895 pharmaceutical and medication recalls tracked. Stay informed about FDA drug safety alerts, prescription medications, over-the-counter drugs, and dietary supplements.
Looking for a specific drug? Use the search page to find recalls by medication name, manufacturer, or NDC number.
LeMaitre Vascular recalled 10 Artegraft Collagen Vascular Grafts on August 25, 2025, due to incorrect labeling. The devices lack CE and UKCA marks and are missing essential patient information. No distribution occurred within the U.S., but the affected products were sent to Great Britain and Switzerland.
Ultra Violette recalled 49,275 tubes of its Velvet Screen SPF 50 sunscreen on August 22, 2025. Testing revealed SPF levels inconsistent with the label, posing a serious risk. Consumers should stop using the product immediately.
CooperVision recalled 180 units of Sofmed Breathables contact lenses on August 22, 2025. The recall affects one lot manufactured with an invalid sterilization cycle. Patients and healthcare providers must stop using the affected lenses immediately.
CooperVision recalled 4,140 units of MyDay Toric contact lenses on August 22, 2025, due to an invalid sterilization cycle. The recall affects lenses distributed nationwide, particularly in Florida, Kentucky, North Carolina, and Wisconsin. Users must stop using these lenses immediately to avoid potential health risks.
CooperVision recalled 90 units of Voyant 1-Day Premium Toric contact lenses on August 22, 2025. The recall affects one lot manufactured with an invalid sterilization cycle. Consumers should stop using the product immediately and follow recall instructions.
Ultra Violette recalled 44,497 tubes of its Mini SPF Mates kit on August 22, 2025. The sunscreen products showed inconsistent SPF results, including readings as low as SPF 4. Consumers must stop use immediately and contact the distributor for guidance.
GE Medical Systems recalled 29,225 units of the MAC VU360 Acquisition Trunk Cable and Module Holder on August 22, 2025. Users may incorrectly place the Acquisition Module, leading to cable damage and potential overheating. Affected devices were distributed globally, including the U.S. and several other countries.
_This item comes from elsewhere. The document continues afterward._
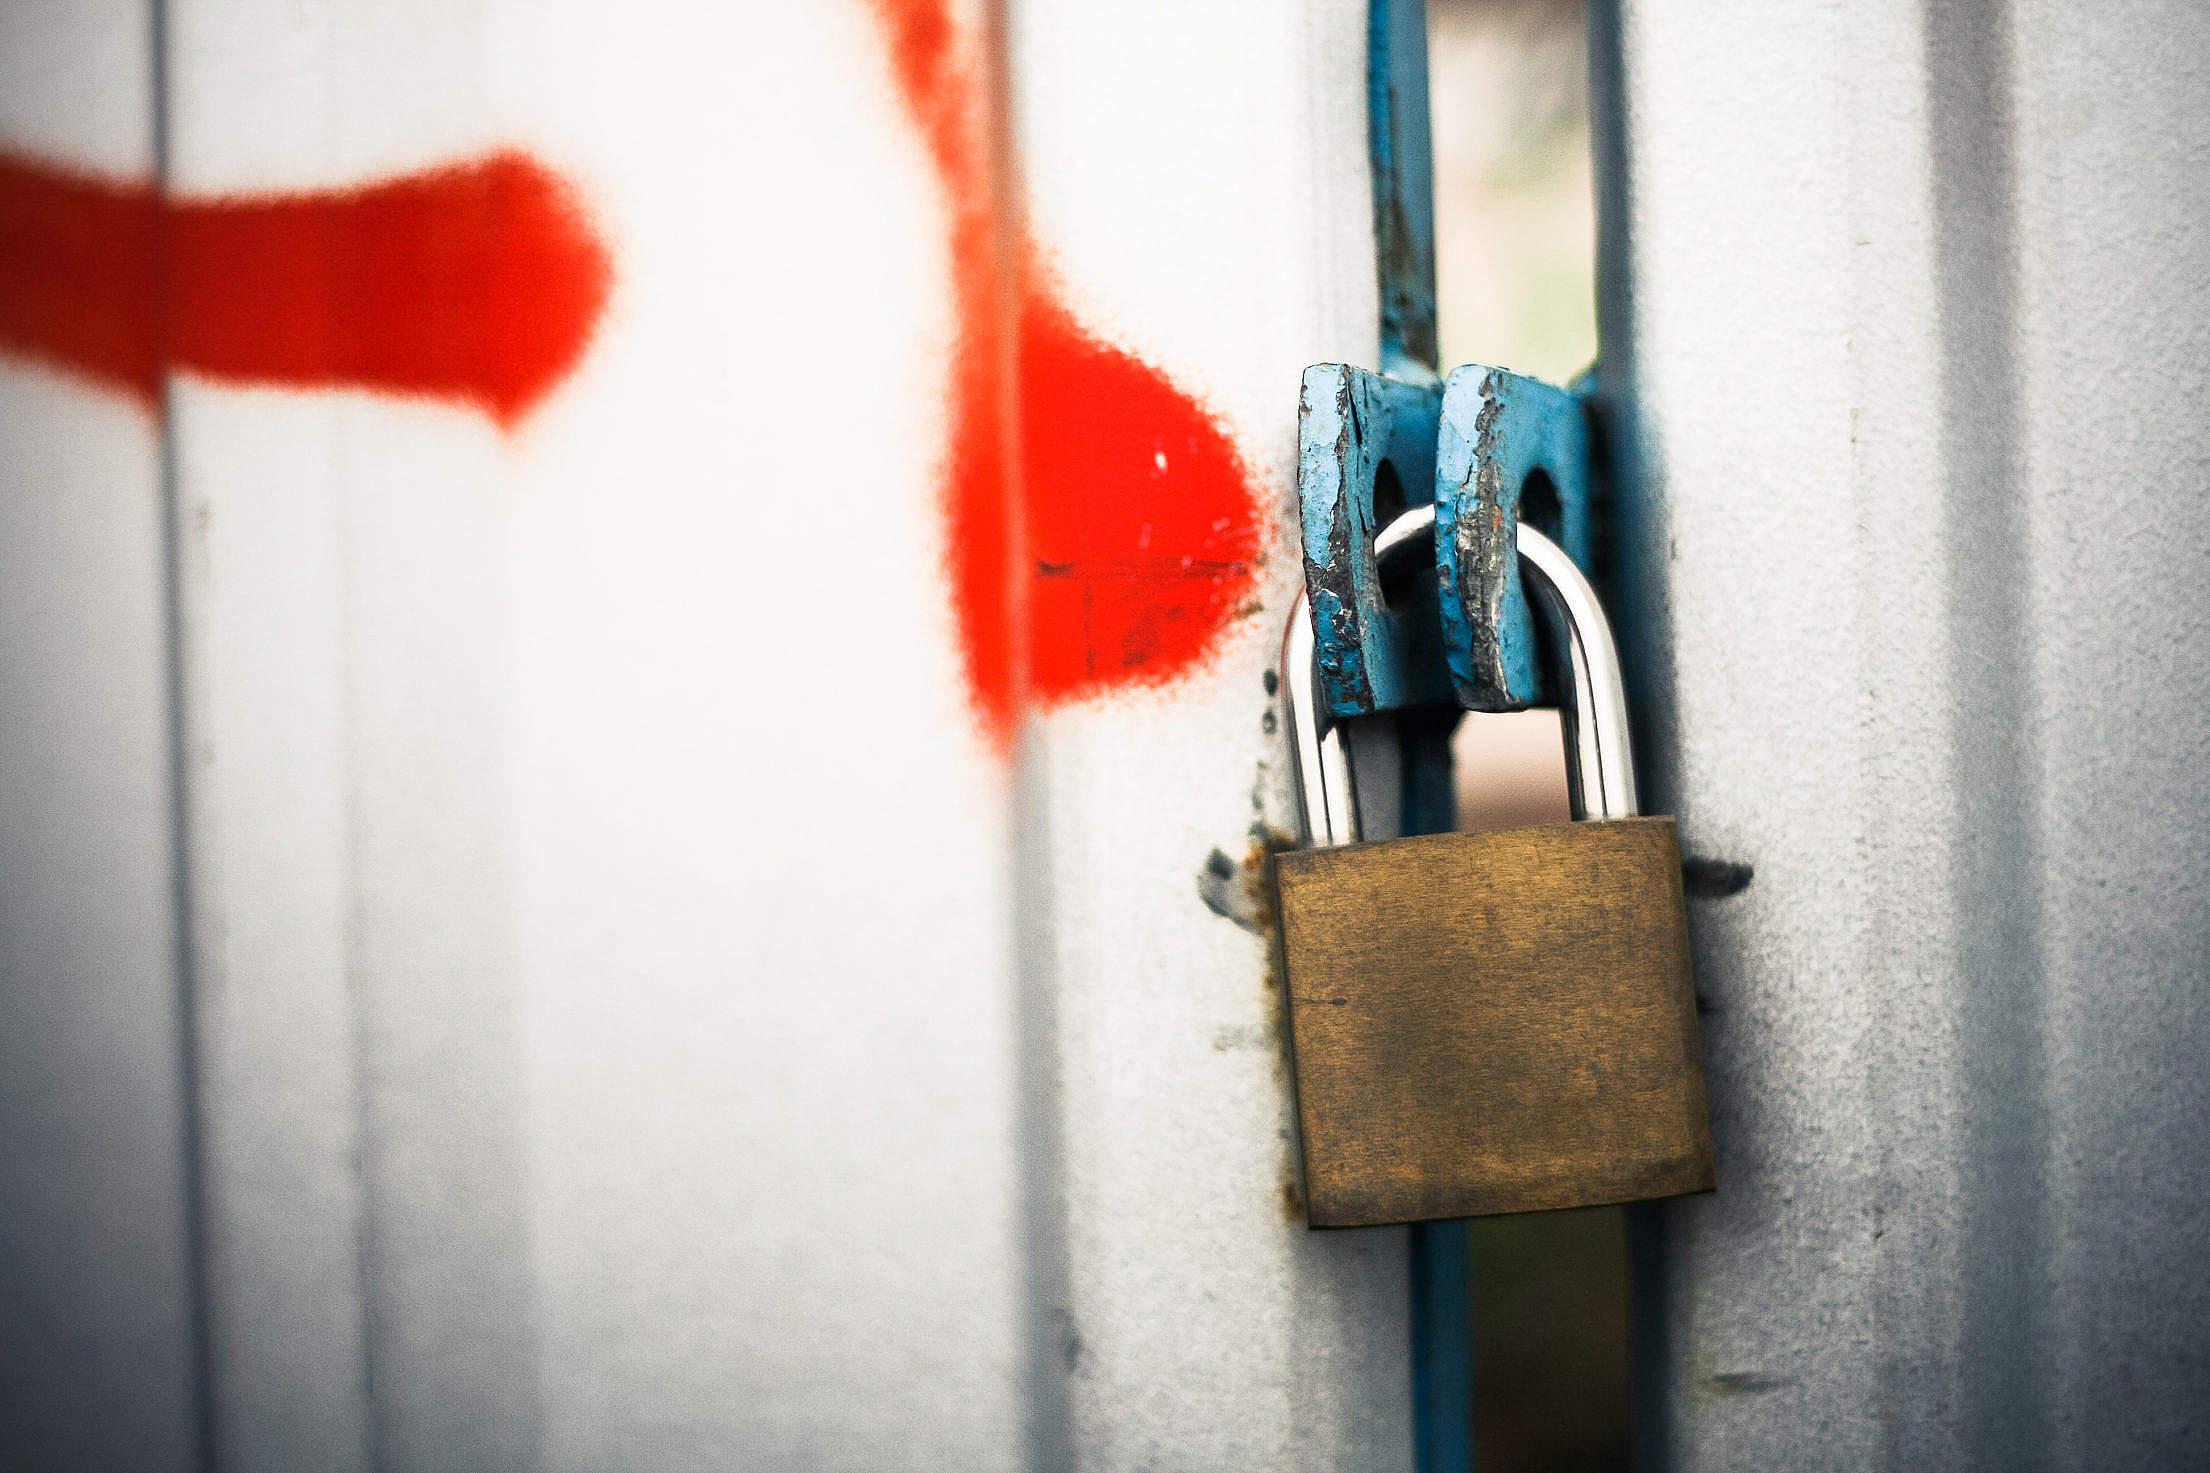 Locked Steel Gate Free Stock Photo

Abbott Point Of Care recalled 6,115,950 i-STAT EG7+ cartridges on August 21, 2025. The recall stems from a lack of 510(k) premarket clearance for updated measurement ranges. This issue affects the accuracy of potassium and ionized calcium tests, posing a high risk to patients.
Folsom Metal Products recalled 10,960 units of 14 mm Distraction Pins on August 21, 2025. The recall follows concerns that the labeling included an unvalidated shelf life. Healthcare providers and patients must stop using the device immediately.
Folsom Metal Products recalled 2,700 units of distraction pins on August 21, 2025. The recall affects devices with unvalidated shelf life labeling. Patients and healthcare providers must stop using the product immediately.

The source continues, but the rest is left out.